=== Begin Enclosure ===

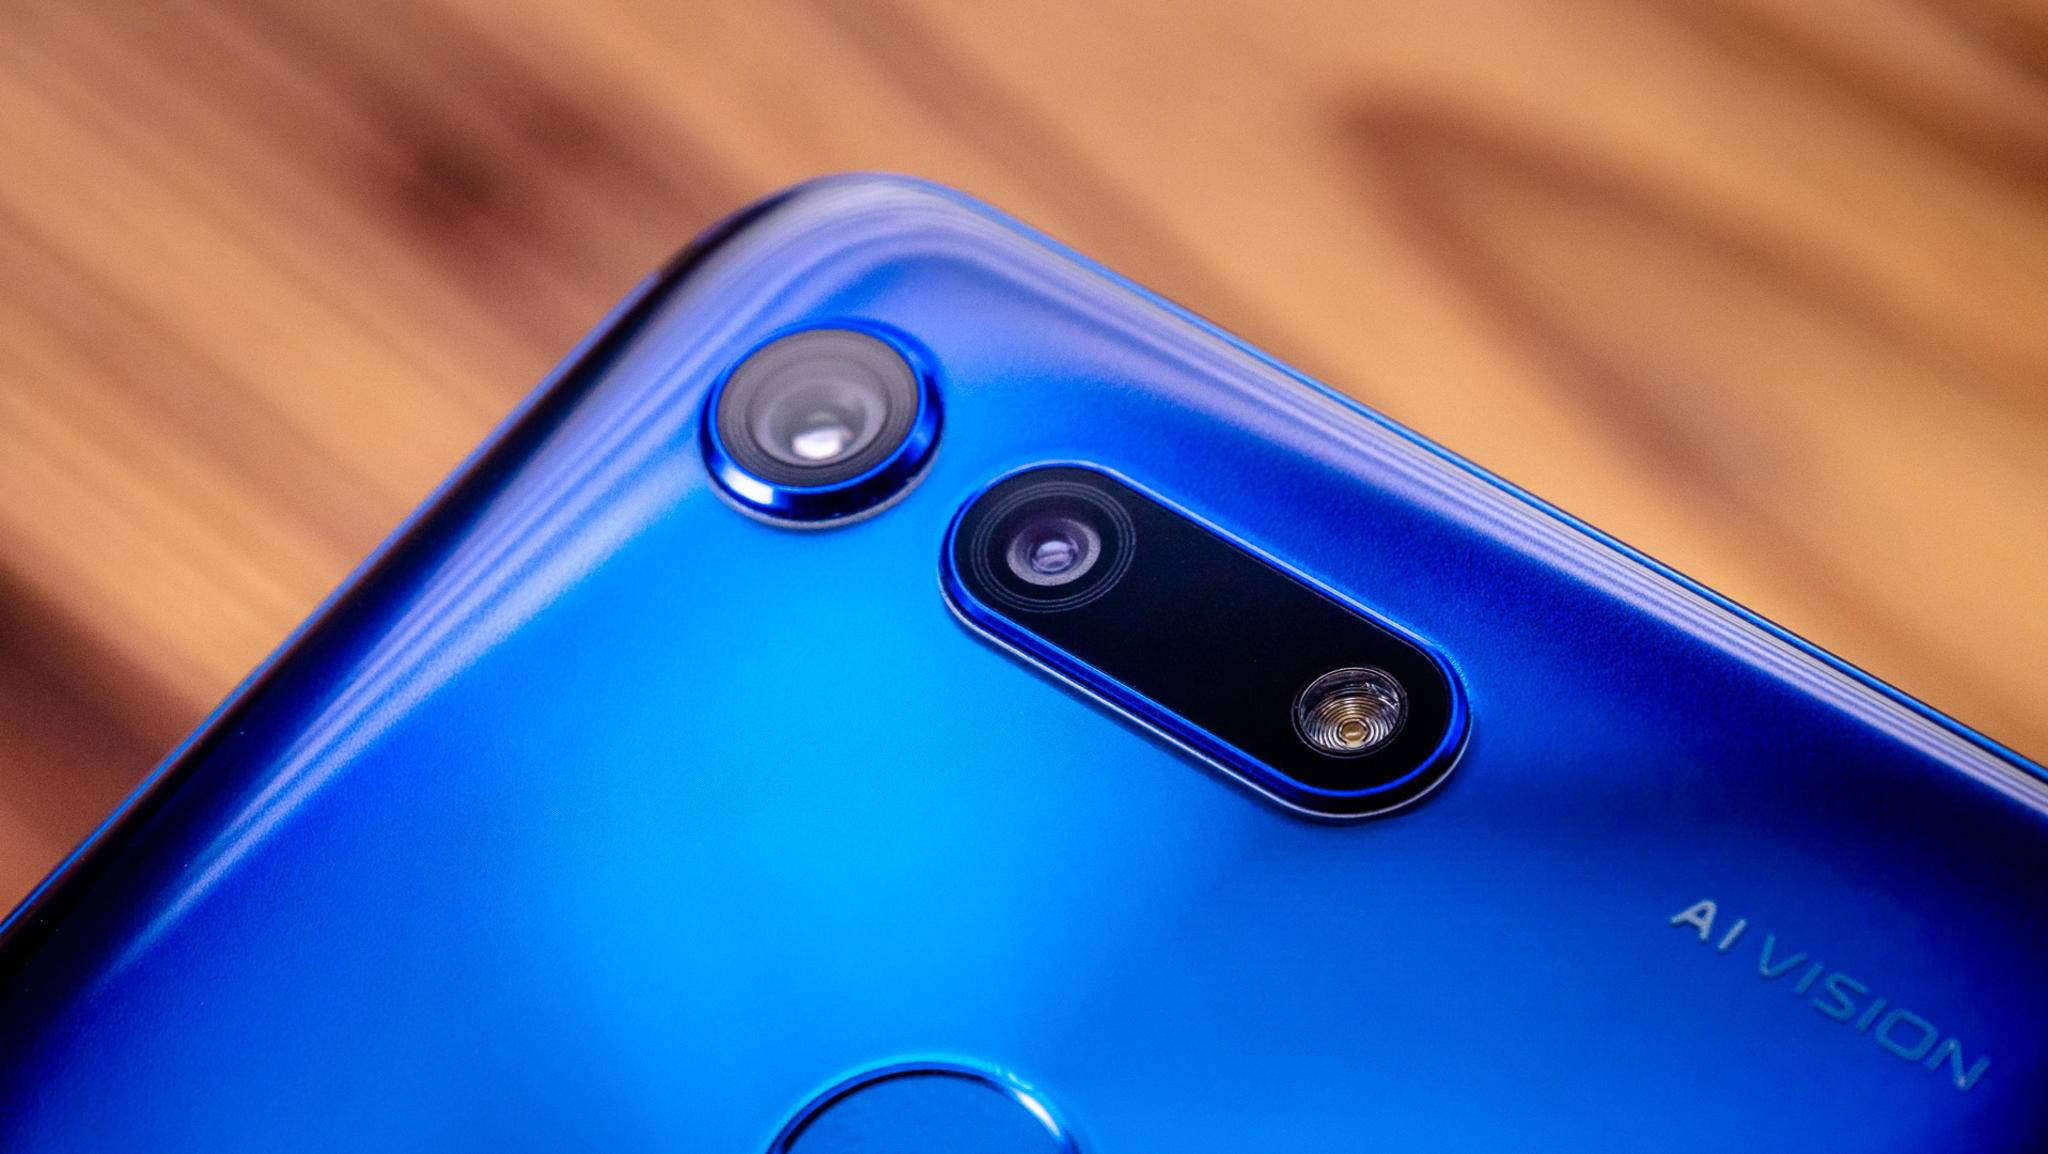 Das Honor View 20 ist das erste Smartphone mit einer modernen 3D-Kamera.
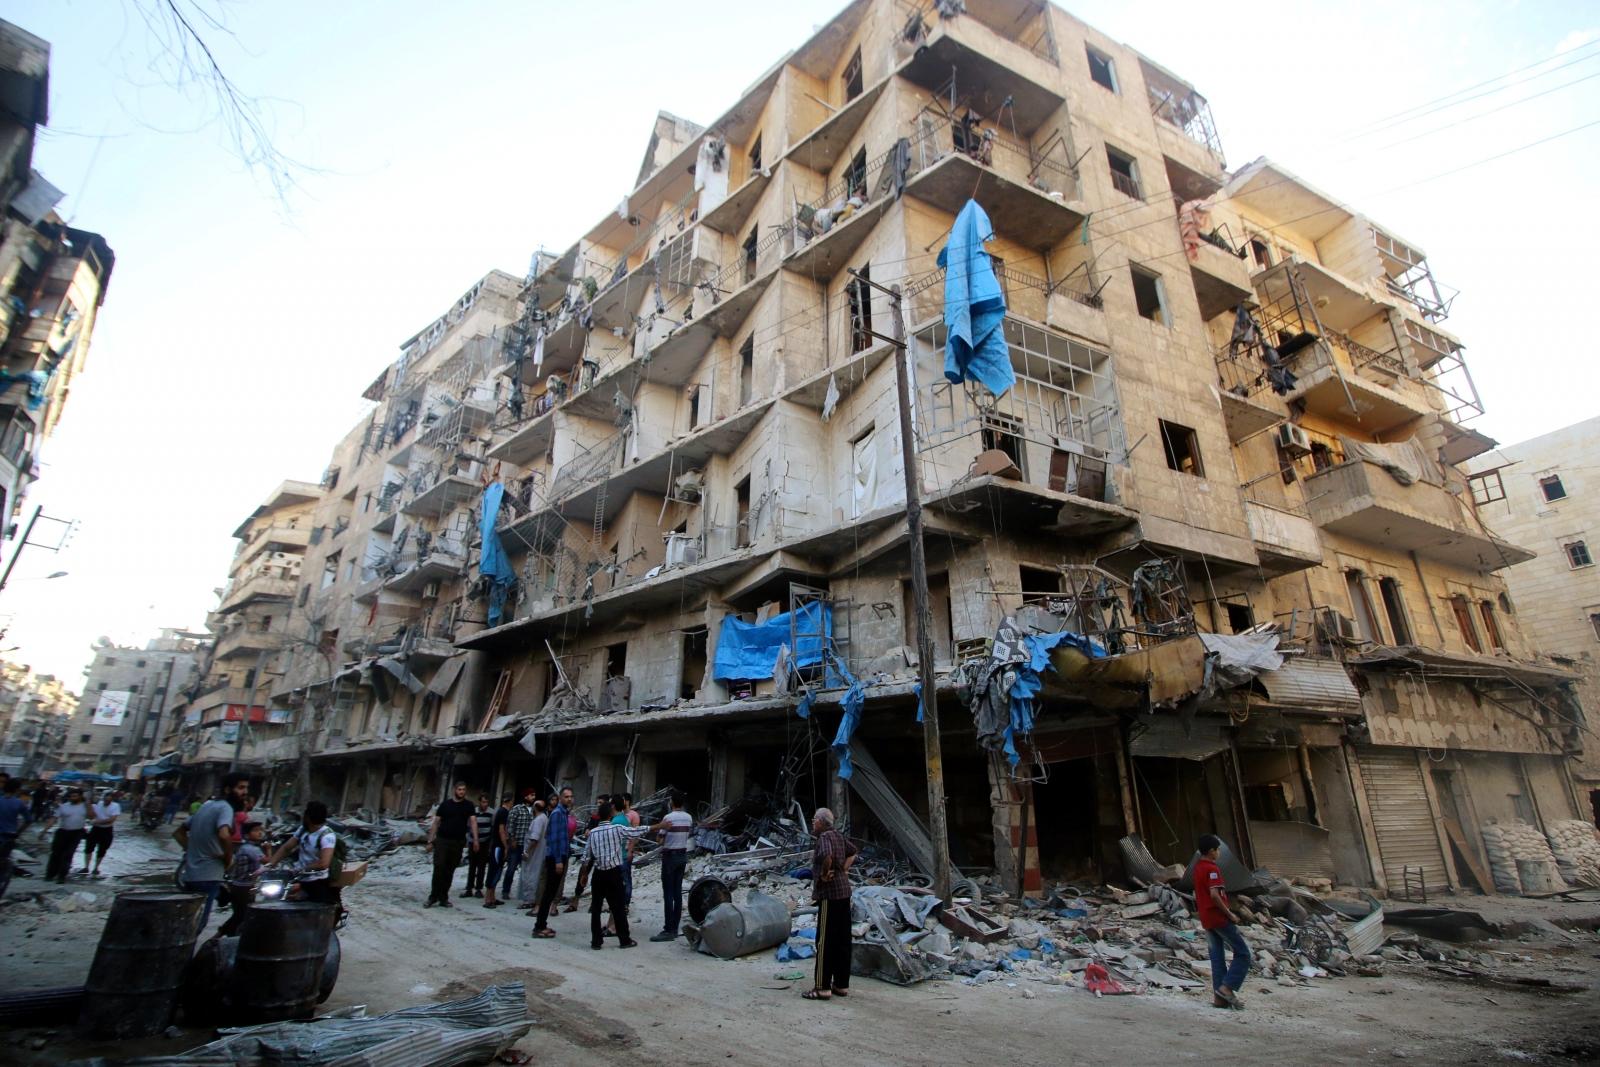 Aleppo Syria June 2016 bomb damage
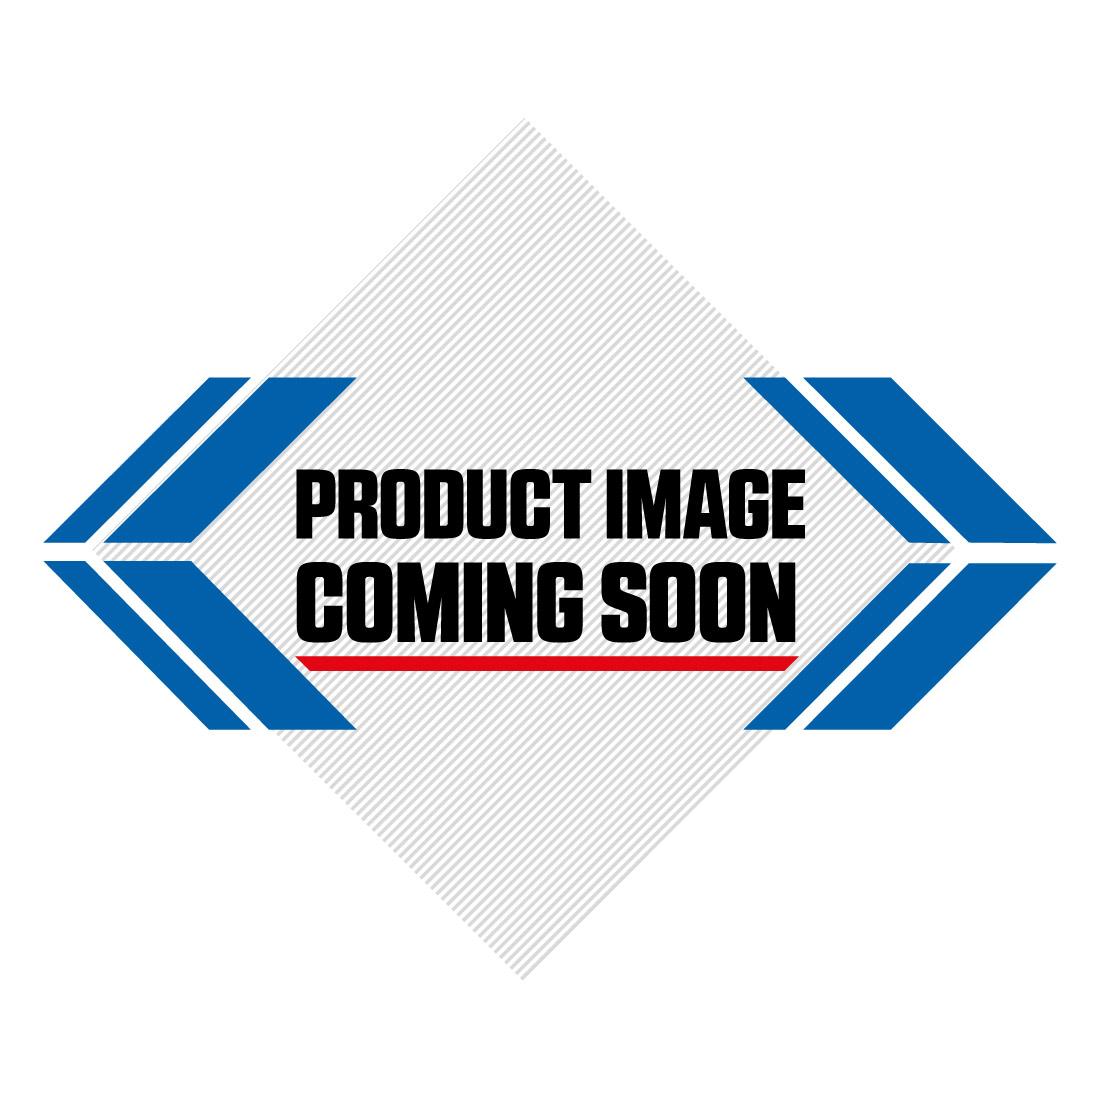 New 2015 Honda CRF 250R Motocross Bike Image-2
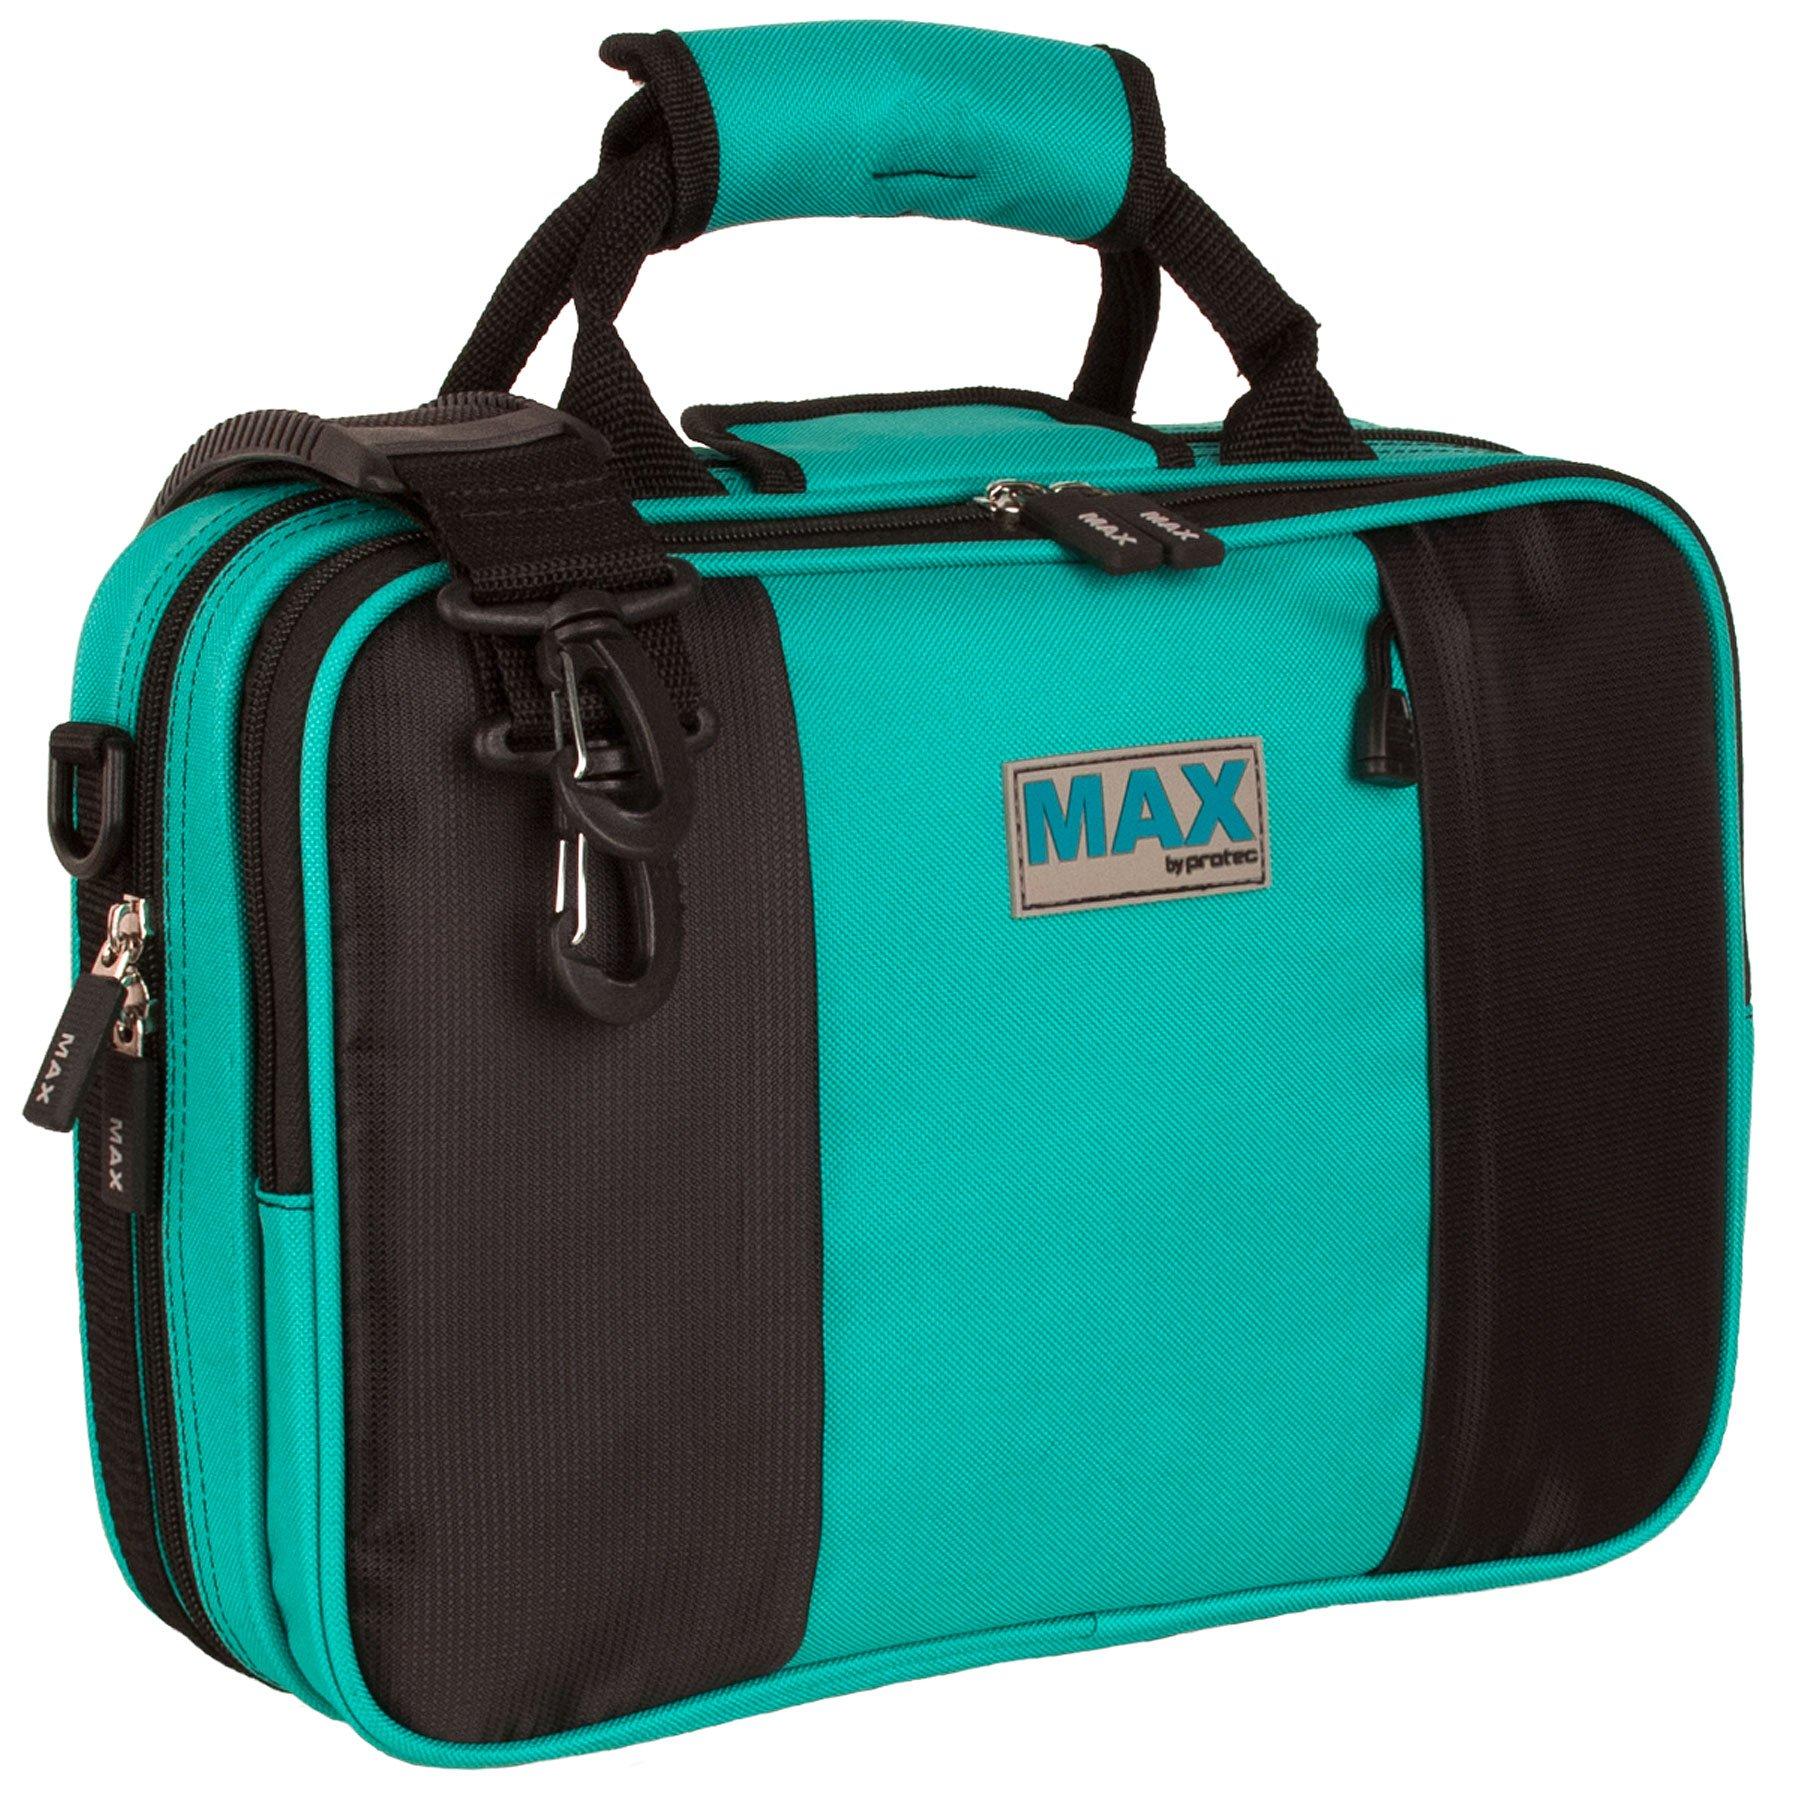 Protec Bb Clarinet MAX Case (Mint), Model MX307MT

=== End Enclosure ===

» **Task to carry out**: All of the data, minus its pictures, should be repeated exactly.

» **Output**:
 Das Honor View 20 ist das erste Smartphone mit einer modernen 3D-Kamera.
 Aleppo Syria June 2016 bomb damage
 New 2015 Honda CRF 250R Motocross Bike Image-2
 Protec Bb Clarinet MAX Case (Mint), Model MX307MT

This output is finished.